Aaditya Shah, an international student in UCD who started the petition, added: “My degree has been totally uprooted since UCD closed it’s [sic] campus and I returned to India. There is a major change in the teaching patterns since then, moving from in-class learning to distance learning.”

Shah continued: “I am living in a different timezone and I have limited access to resources like high speed connectivity, access to hard copy of books from the library, meeting facilities to brainstorm on group tasks.”

“I started the petition because the quality of the education student’s were receiving was not what we signed up for. Many of the international students have taken out loans to pay the hefty fees that UCD charges and are still paying rent in Dublin.”

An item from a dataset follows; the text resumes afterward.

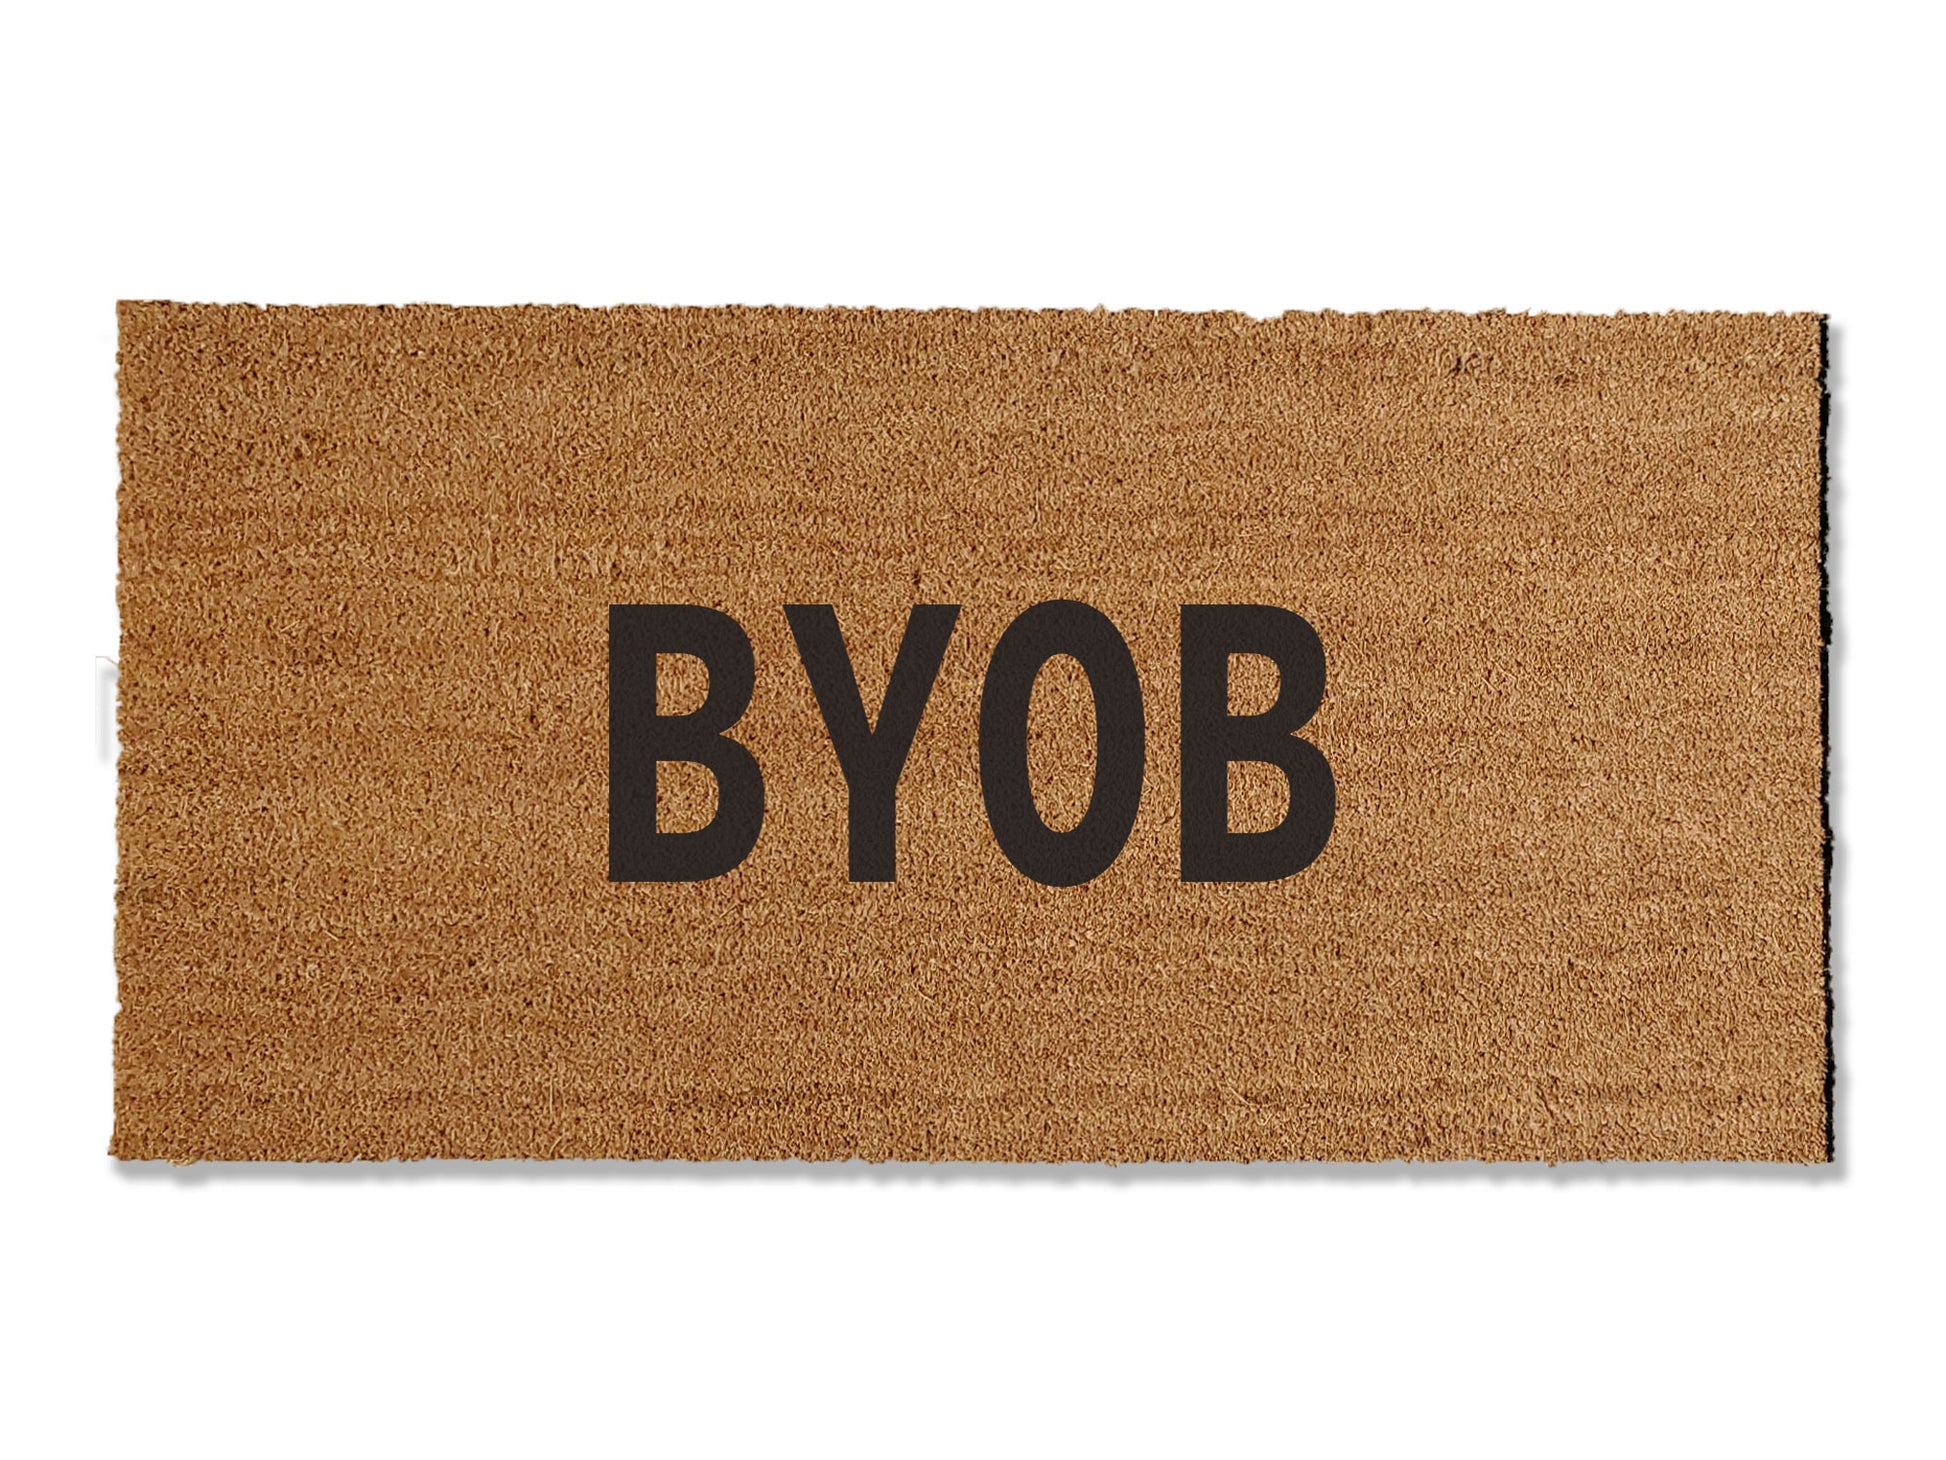 Custom 1/2 inch thick coir doormat with a playful 'BYOB' design, perfect for football season. This personalized mat adds a touch of fun to your entryway while efficiently trapping dirt, making it a stylish and functional choice for welcoming guests during the sports season.

“Considering the lesser quality of education we are receiving, we are asking UCD to provide compensation for this”, Shah said. 

Earlier this month, UCD suspended all outbound Erasmus and non-EU college exchanges for the upcoming autumn trimester due to the coronavirus pandemic.

The college became the second Irish university to suspend international exchanges for its students, after the University of Limerick did the same last month. Dublin City University has since made a similar decision. 

In an email to all UCD students who were due to go on an exchange abroad, Dr Douglas Proctor, the director of UCD Global, said: “The University has now taken the difficult decision that it will suspend Erasmus+ and Non-EU Exchange programmes for the Autumn Trimester 2020.”